DATA SECTION
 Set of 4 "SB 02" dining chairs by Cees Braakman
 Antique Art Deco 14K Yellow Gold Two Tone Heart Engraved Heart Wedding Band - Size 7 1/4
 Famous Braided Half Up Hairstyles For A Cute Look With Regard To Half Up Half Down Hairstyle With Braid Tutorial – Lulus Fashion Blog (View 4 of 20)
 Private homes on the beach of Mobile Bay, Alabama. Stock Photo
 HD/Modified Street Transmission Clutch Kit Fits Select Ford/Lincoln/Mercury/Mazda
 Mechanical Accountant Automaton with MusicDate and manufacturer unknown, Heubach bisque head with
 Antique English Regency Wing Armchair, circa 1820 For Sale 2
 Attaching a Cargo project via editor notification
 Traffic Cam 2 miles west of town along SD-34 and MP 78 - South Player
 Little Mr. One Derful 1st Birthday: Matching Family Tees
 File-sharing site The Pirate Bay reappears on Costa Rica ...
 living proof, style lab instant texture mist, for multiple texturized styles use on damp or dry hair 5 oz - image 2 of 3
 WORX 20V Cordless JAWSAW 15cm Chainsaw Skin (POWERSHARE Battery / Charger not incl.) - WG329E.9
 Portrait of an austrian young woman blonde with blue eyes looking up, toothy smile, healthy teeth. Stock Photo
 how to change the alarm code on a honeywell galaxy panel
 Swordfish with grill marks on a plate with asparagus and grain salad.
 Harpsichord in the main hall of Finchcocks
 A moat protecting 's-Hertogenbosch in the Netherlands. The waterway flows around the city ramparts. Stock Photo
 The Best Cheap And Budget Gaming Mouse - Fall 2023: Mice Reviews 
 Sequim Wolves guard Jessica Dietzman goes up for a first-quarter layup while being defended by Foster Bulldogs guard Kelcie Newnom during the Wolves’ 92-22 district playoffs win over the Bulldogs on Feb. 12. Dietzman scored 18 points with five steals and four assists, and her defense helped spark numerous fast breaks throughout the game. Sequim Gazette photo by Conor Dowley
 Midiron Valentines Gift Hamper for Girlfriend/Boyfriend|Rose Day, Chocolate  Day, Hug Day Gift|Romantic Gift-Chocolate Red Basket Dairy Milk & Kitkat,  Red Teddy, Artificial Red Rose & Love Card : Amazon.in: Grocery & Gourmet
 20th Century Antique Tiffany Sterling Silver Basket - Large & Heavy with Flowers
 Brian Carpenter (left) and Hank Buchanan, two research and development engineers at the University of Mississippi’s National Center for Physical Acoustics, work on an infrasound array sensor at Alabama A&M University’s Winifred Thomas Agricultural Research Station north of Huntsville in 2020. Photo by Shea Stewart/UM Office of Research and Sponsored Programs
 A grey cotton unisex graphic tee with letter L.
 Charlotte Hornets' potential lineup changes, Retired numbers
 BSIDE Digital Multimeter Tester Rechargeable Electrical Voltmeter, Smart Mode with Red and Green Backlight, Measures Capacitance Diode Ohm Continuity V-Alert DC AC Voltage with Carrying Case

YOUR OBJECTIVE
Your answer should be the lines above, from the line containing "Sequim Wolves guard" up to and including the line containing "A grey cotton", reproduced exactly and with nothing else.

ANSWER AREA
 Sequim Wolves guard Jessica Dietzman goes up for a first-quarter layup while being defended by Foster Bulldogs guard Kelcie Newnom during the Wolves’ 92-22 district playoffs win over the Bulldogs on Feb. 12. Dietzman scored 18 points with five steals and four assists, and her defense helped spark numerous fast breaks throughout the game. Sequim Gazette photo by Conor Dowley
 Midiron Valentines Gift Hamper for Girlfriend/Boyfriend|Rose Day, Chocolate  Day, Hug Day Gift|Romantic Gift-Chocolate Red Basket Dairy Milk & Kitkat,  Red Teddy, Artificial Red Rose & Love Card : Amazon.in: Grocery & Gourmet
 20th Century Antique Tiffany Sterling Silver Basket - Large & Heavy with Flowers
 Brian Carpenter (left) and Hank Buchanan, two research and development engineers at the University of Mississippi’s National Center for Physical Acoustics, work on an infrasound array sensor at Alabama A&M University’s Winifred Thomas Agricultural Research Station north of Huntsville in 2020. Photo by Shea Stewart/UM Office of Research and Sponsored Programs
 A grey cotton unisex graphic tee with letter L.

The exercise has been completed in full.